In the Men’s marathon although individual medals escaped the South Africans, they benefited from team running to secure the bronze medal in the World Cup a mere 7 seconds ahead of the 4th placed finishers. We need to build on team strategies in all aspects of distance running.
It is unfortunate that many South African athletes still seem to think that distance running is about individual performance, whereas there are frequently greater overall benefits to be gained from more detailed strategies and even ‘sacrificial’ running.
In the marathon for example although only 3 runners score for the team time, all five will receive the awards and this perhaps underlines the importance of the ‘also rans’.
It’s not only about race day strategy but also about analysis of course, conditions, competitors, and logistics. There is a need to look at the travel and arrival times of distance runners with the recognition that the longer the event, the longer the time of recovery required after a long haul flight, irrespective of the time change.
Course analysis is key: It is definitely possible to predict the potential winning time for any course, but it requires detailed analysis of surface, direction, profile and even spectator support. A classic example of this was the influence of the many cobbled sections in the Paris event. Whereas Ian Syster suffered from blood blisters, which may well have been caused by these cobbles, the French ladies were seen to be running in the smooth stone gutters in single file to avoid such irritation. With virtually all the ‘best’ performances run with negative splits, the athletes who run as a team early on (often to 30-35km) frequently gain higher places both as individuals and as a team, than they would ‘on paper’. It is not unusual for them to also beat more talented competitors who get caught up in the individual competition for places.
In spite of some very knowledgeable information, the marathon commentators seemed surprised about the breaks made by the field at 12km, from 30km to 40km and again in sections of the final 2km. Detailed inspection of the course profile would have shown the reasons for this race strategy. The first of two hills was at 12kms, and although only a 45metre climb in just over a kilometre, it would deplete energy stores and impact later. The second break came on the downhill after the second 45 metre climb, and if there were still runners together in the final two kilometres then there were a couple of short steep climbs on which to try and make a final break. Morrocan Jaouad Gharib used these very hills to ‘hurt’ Spaniard Julio Rey. It was there that the gold and silver were decided.
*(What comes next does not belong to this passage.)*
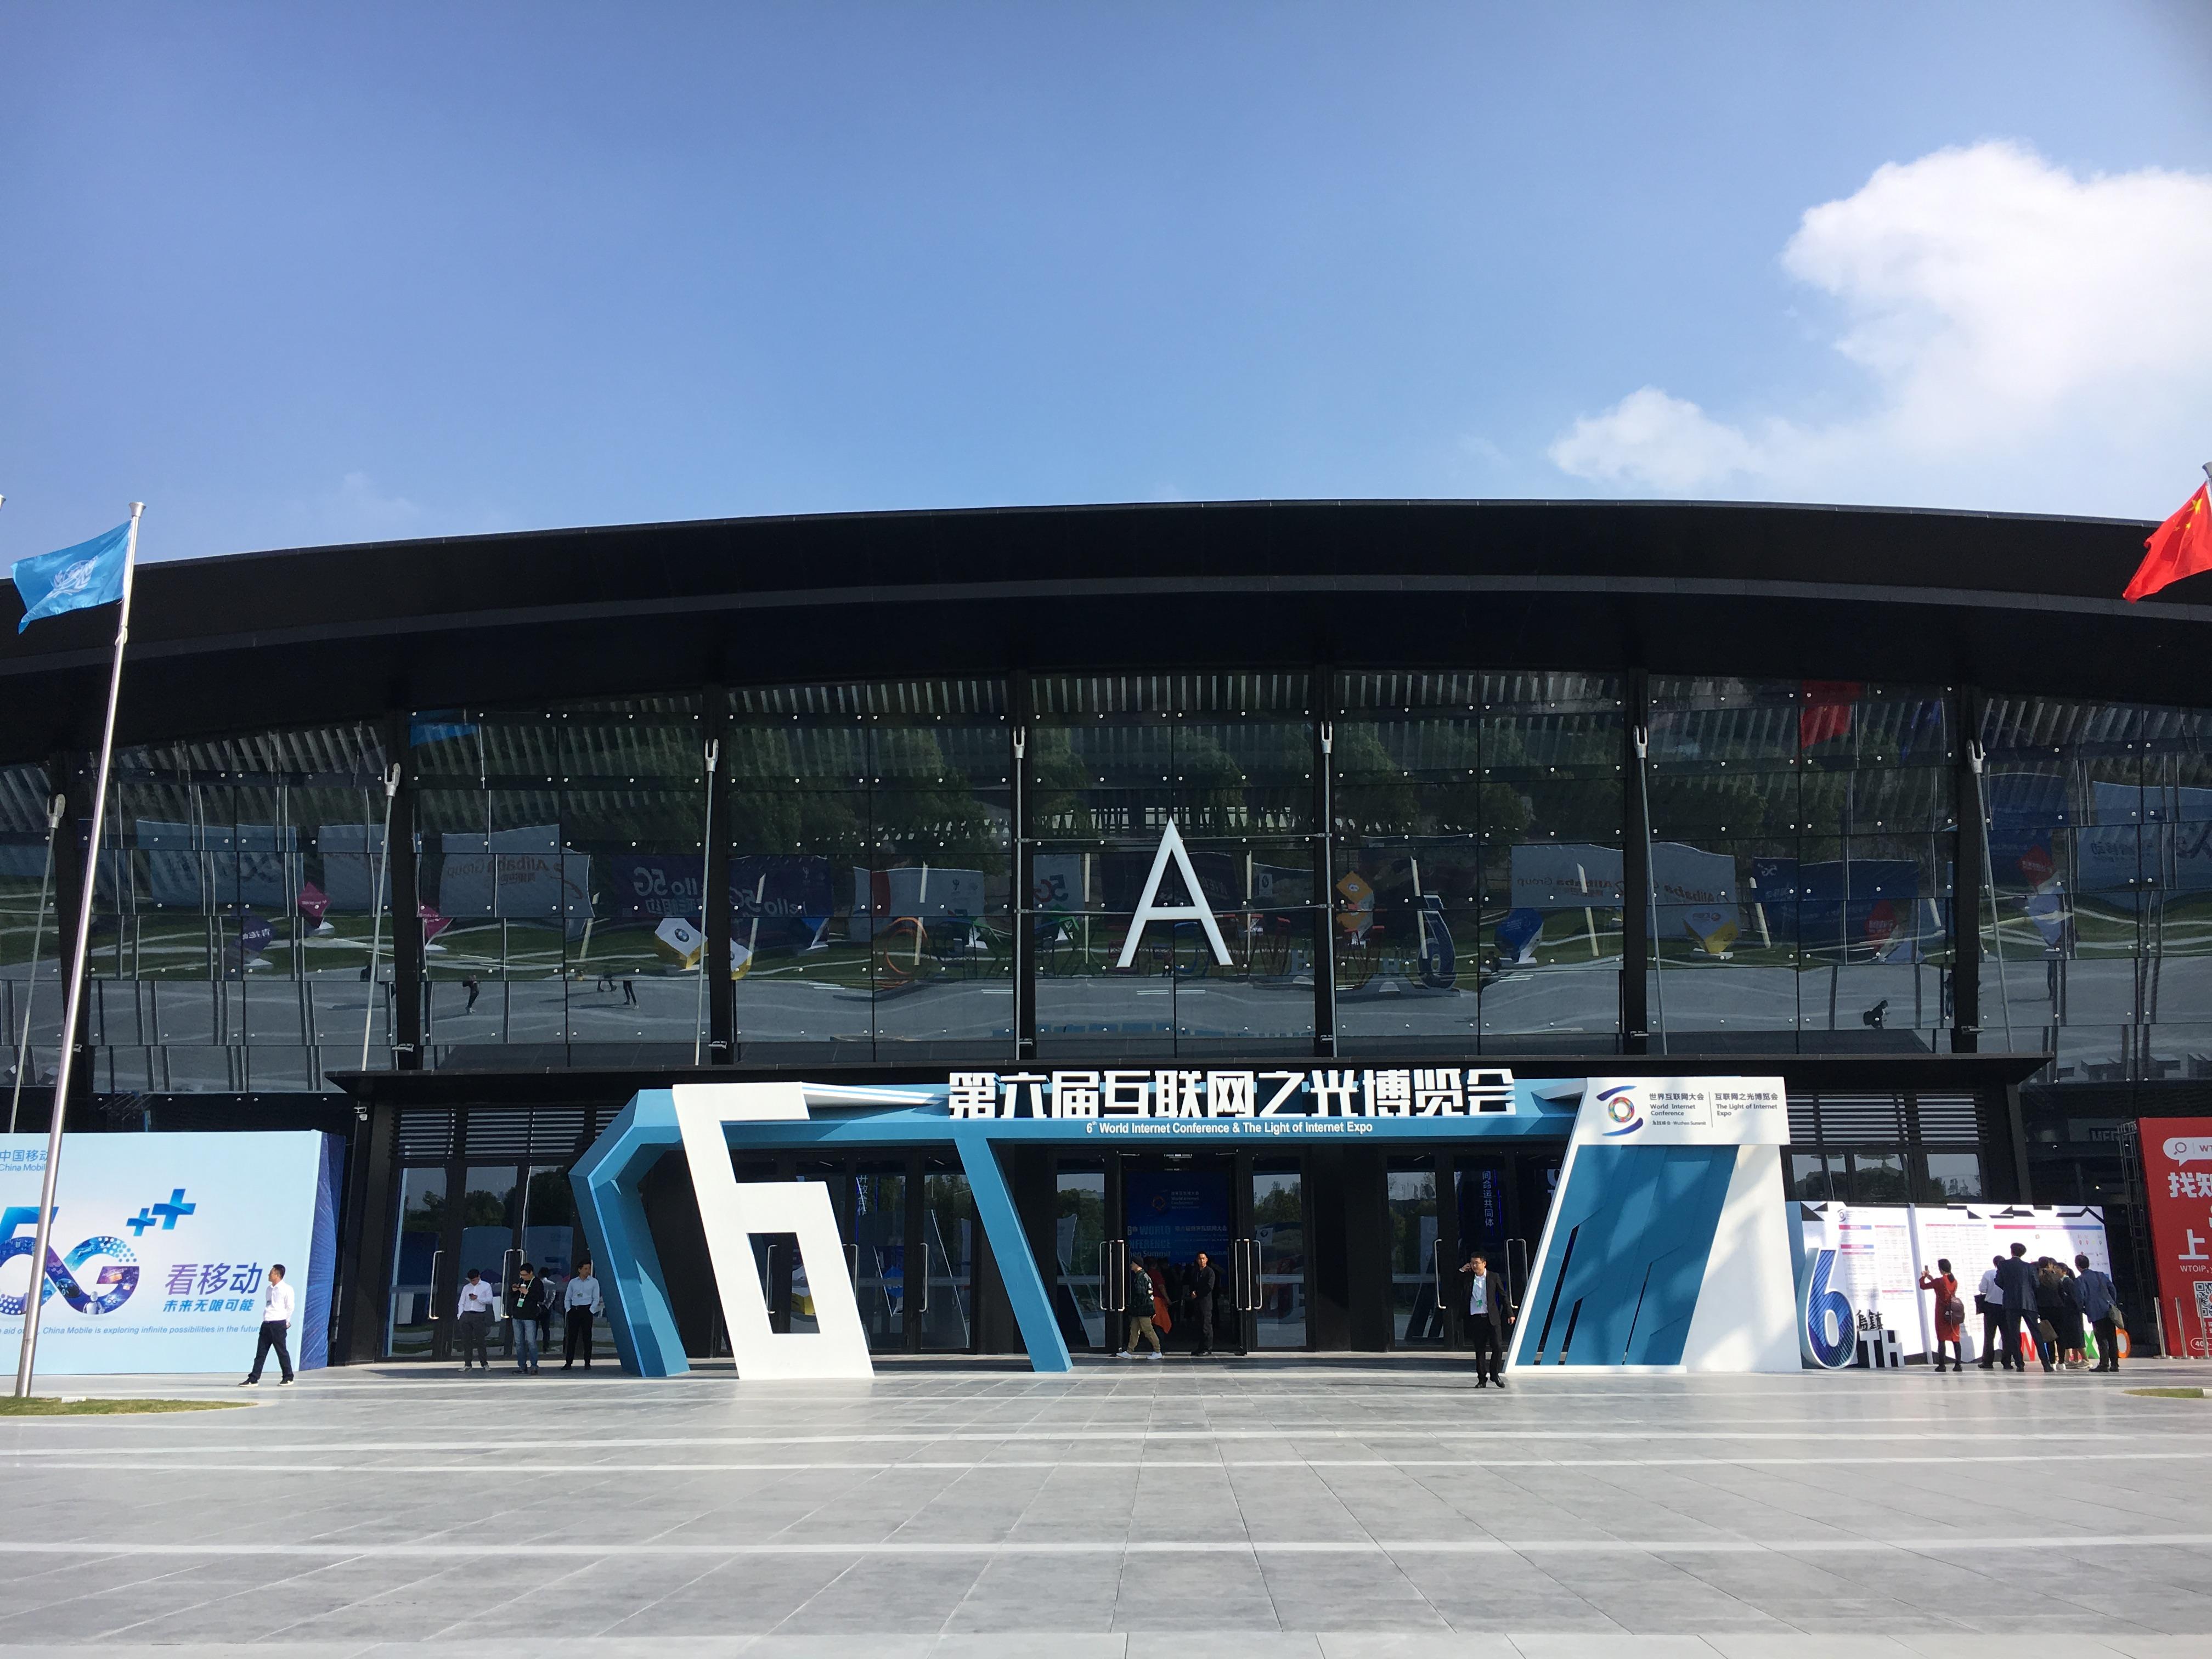 <b>梦网科技亮相2019世界互联网大会,云通信扬帆5G新时代</b>

A similar approach can be applied to most courses, and when you add the vital information of a competitor’s list it is possible to anticipate the strategies and predict the performance that athletes and countries are likely to achieve. This is akin to the detailed opposition analysis undertaken by the rugby, soccer, and cricket teams. The logical progression for this includes the selection of ‘horses for courses’ and preparation of the distance athletes in team tactics which are intricately linked to the logistic planning towards the championship.
While we celebrate the performances of our marathoners, and Sepeng and Malaudzi in Paris, a step up in detailed analysis will take us to greater heights in the distance events, where south Africa strength in depth should see us dominate at world level.